• WORK ORDER
Skip every picture, then write out exactly the lines of the listing below from the line that contains "Óculos De Sol" through the final line.

• GIVEN DATA

■ ■ ■ ■ ■ ■ ■

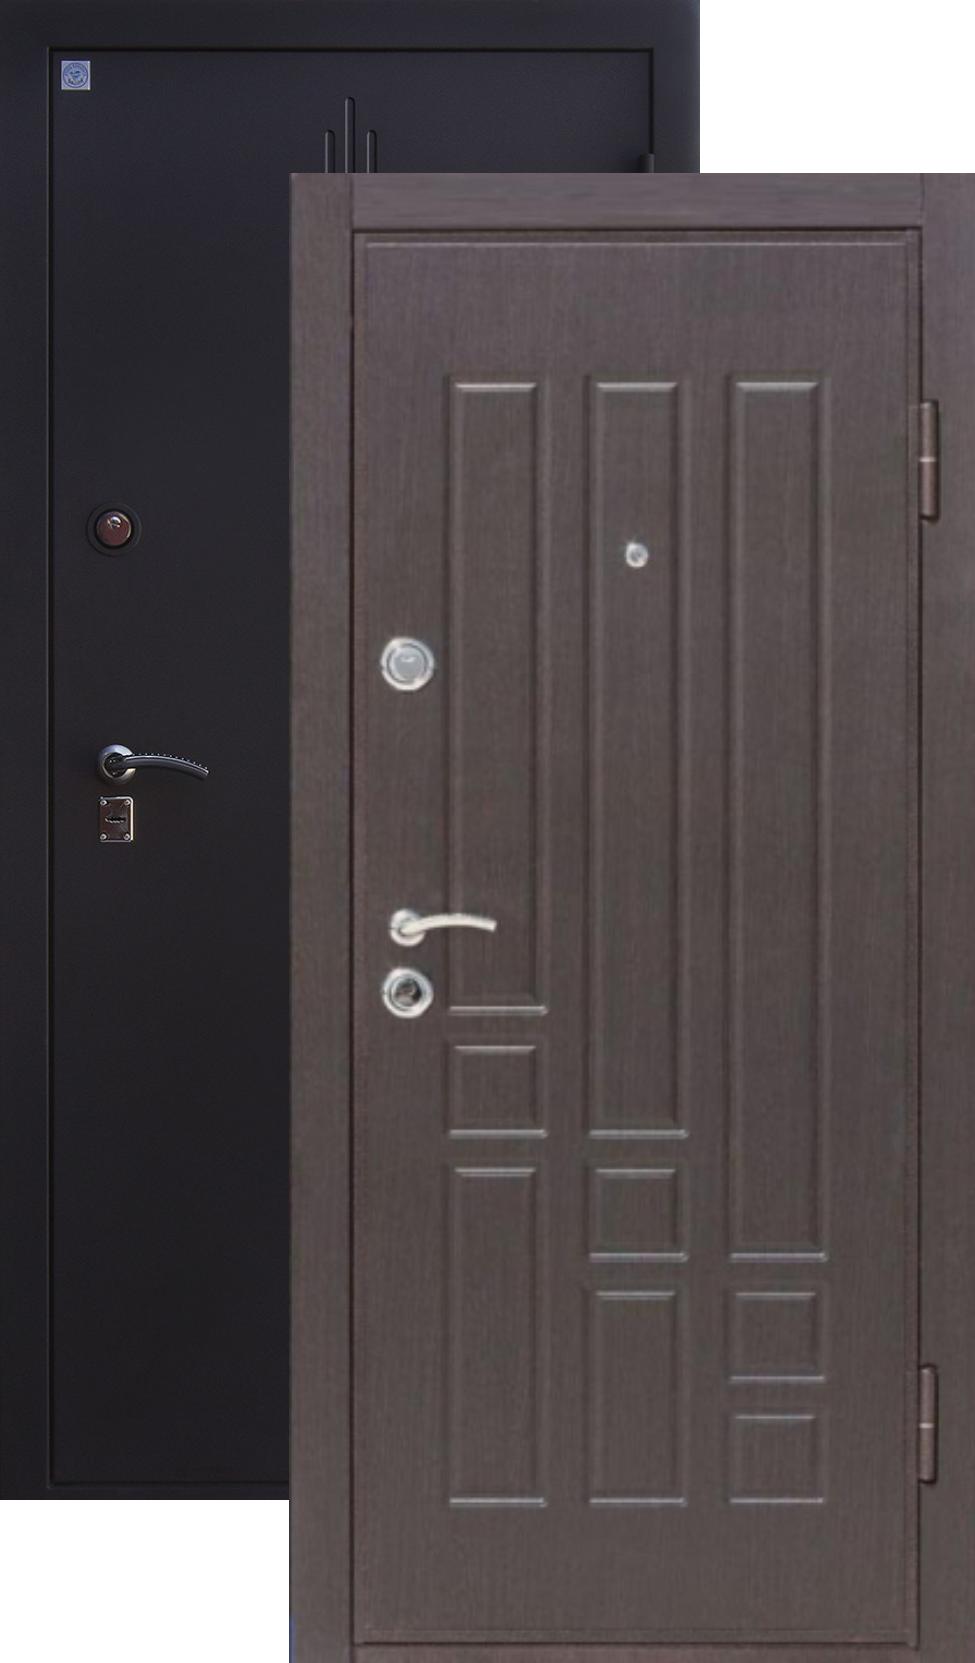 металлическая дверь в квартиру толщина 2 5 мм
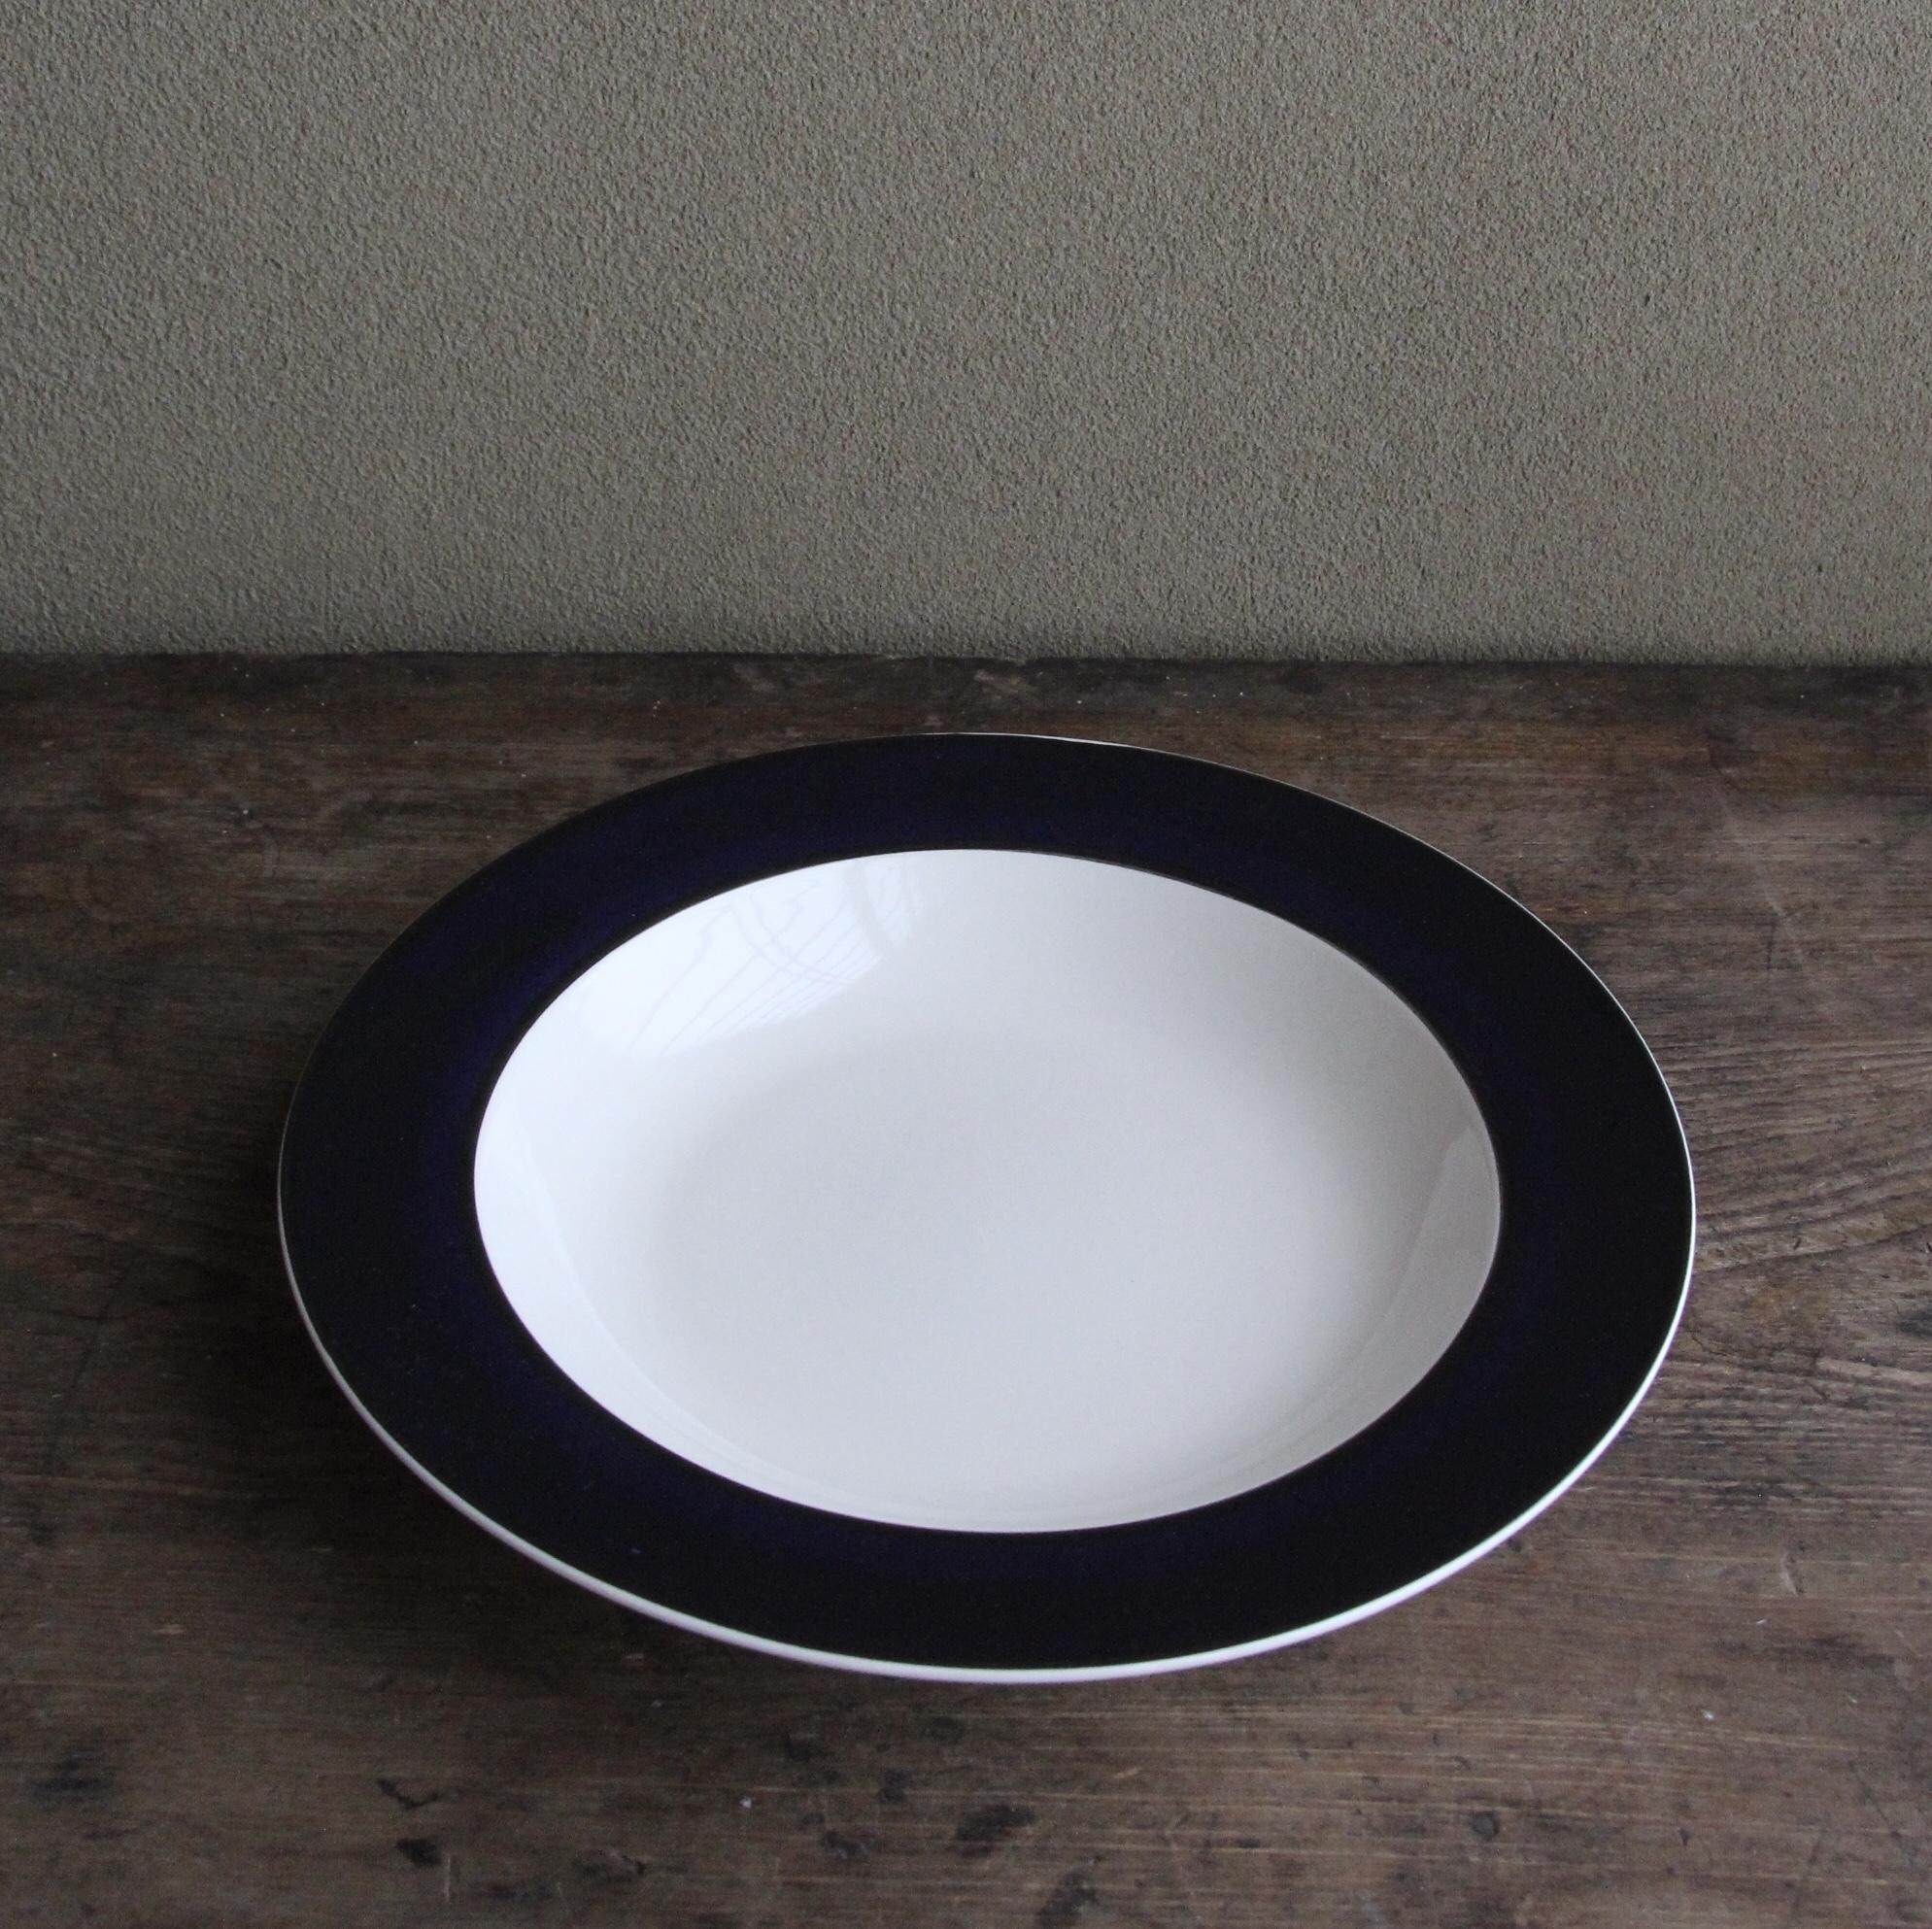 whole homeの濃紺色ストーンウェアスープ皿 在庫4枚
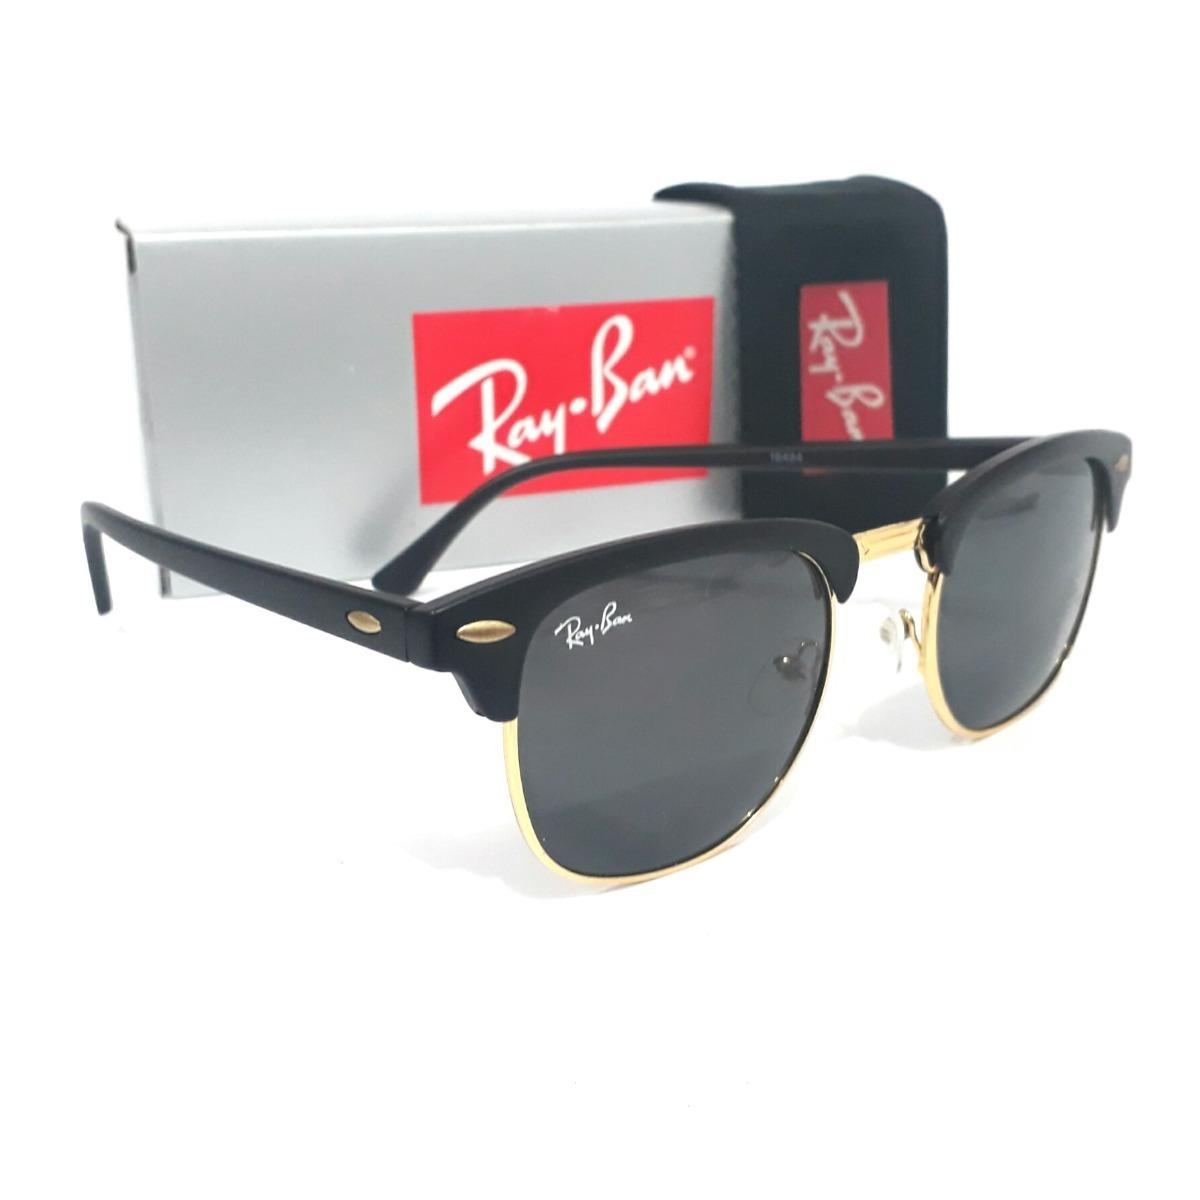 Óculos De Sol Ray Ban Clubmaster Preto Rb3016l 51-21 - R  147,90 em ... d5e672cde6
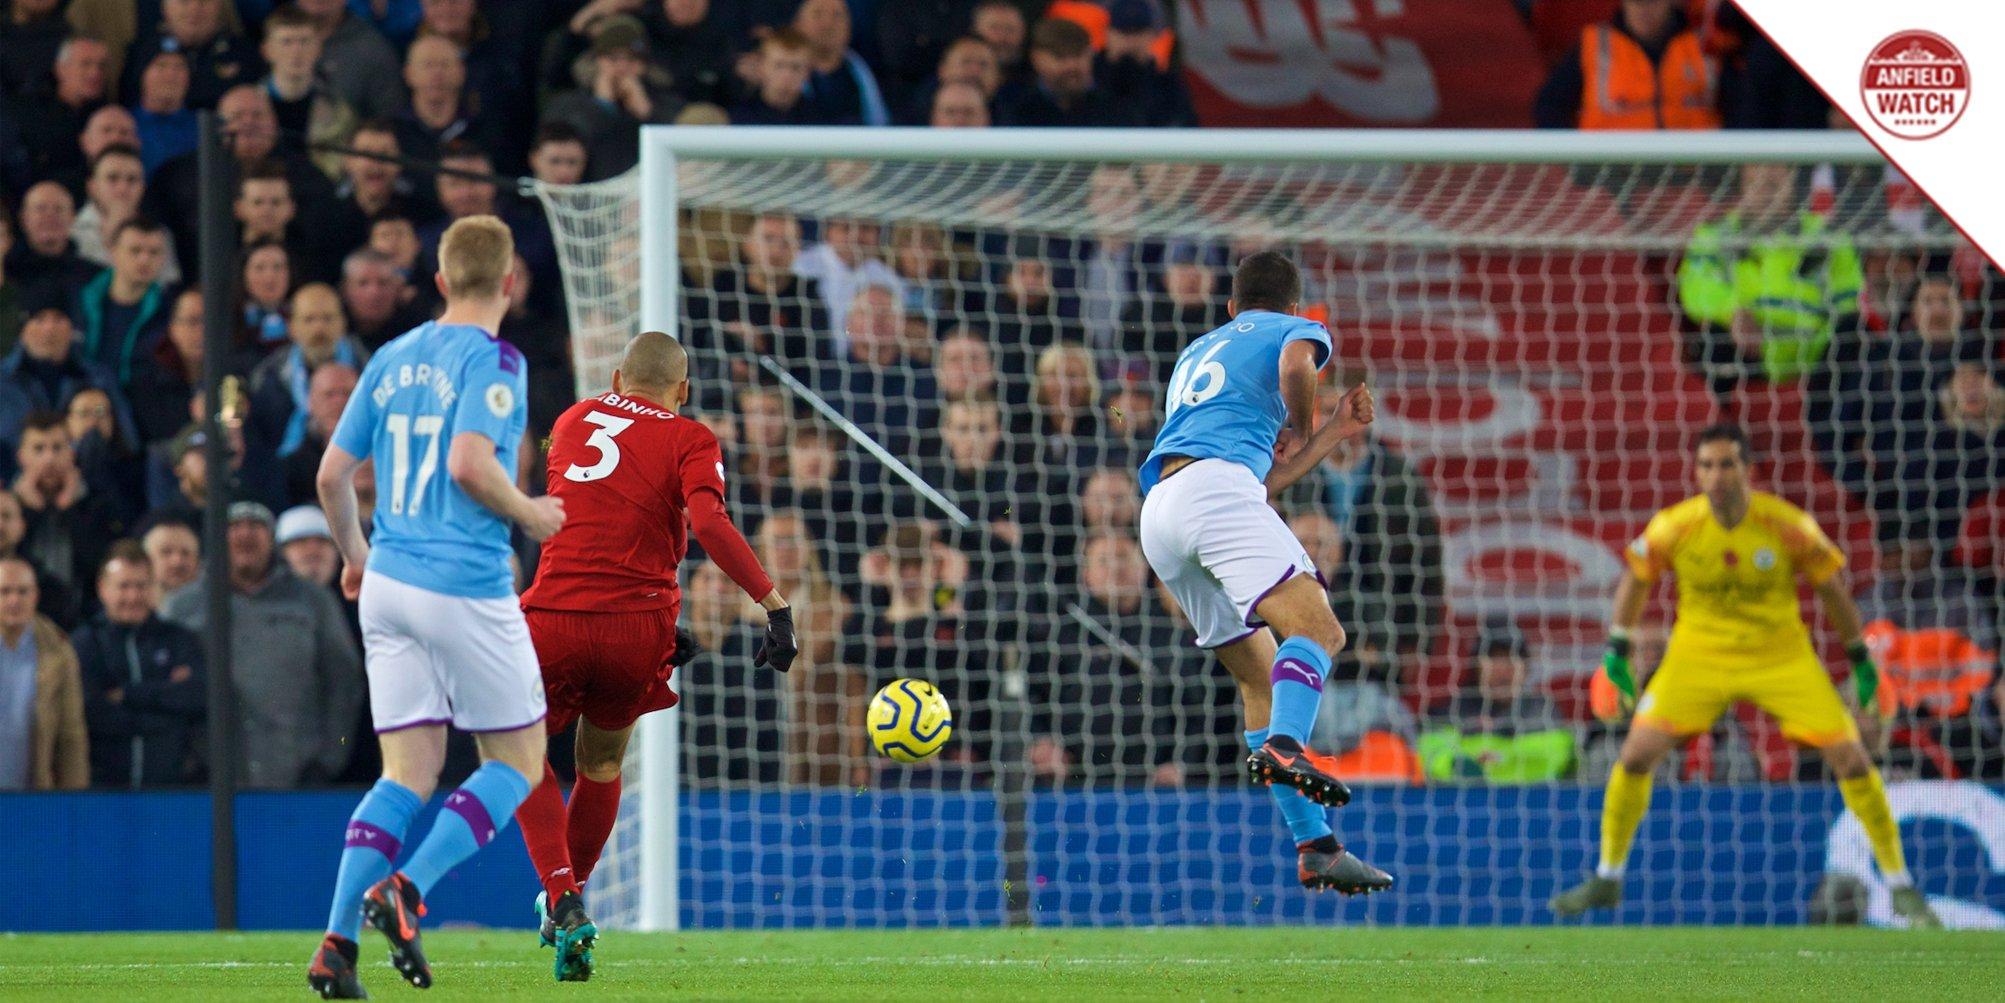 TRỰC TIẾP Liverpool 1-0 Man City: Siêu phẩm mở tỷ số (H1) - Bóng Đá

■ ■ ■ ■ ■ ■ ■

• RESULT FOR THIS TASK
 Óculos De Sol Ray Ban Clubmaster Preto Rb3016l 51-21 - R  147,90 em ... d5e672cde6
 TRỰC TIẾP Liverpool 1-0 Man City: Siêu phẩm mở tỷ số (H1) - Bóng Đá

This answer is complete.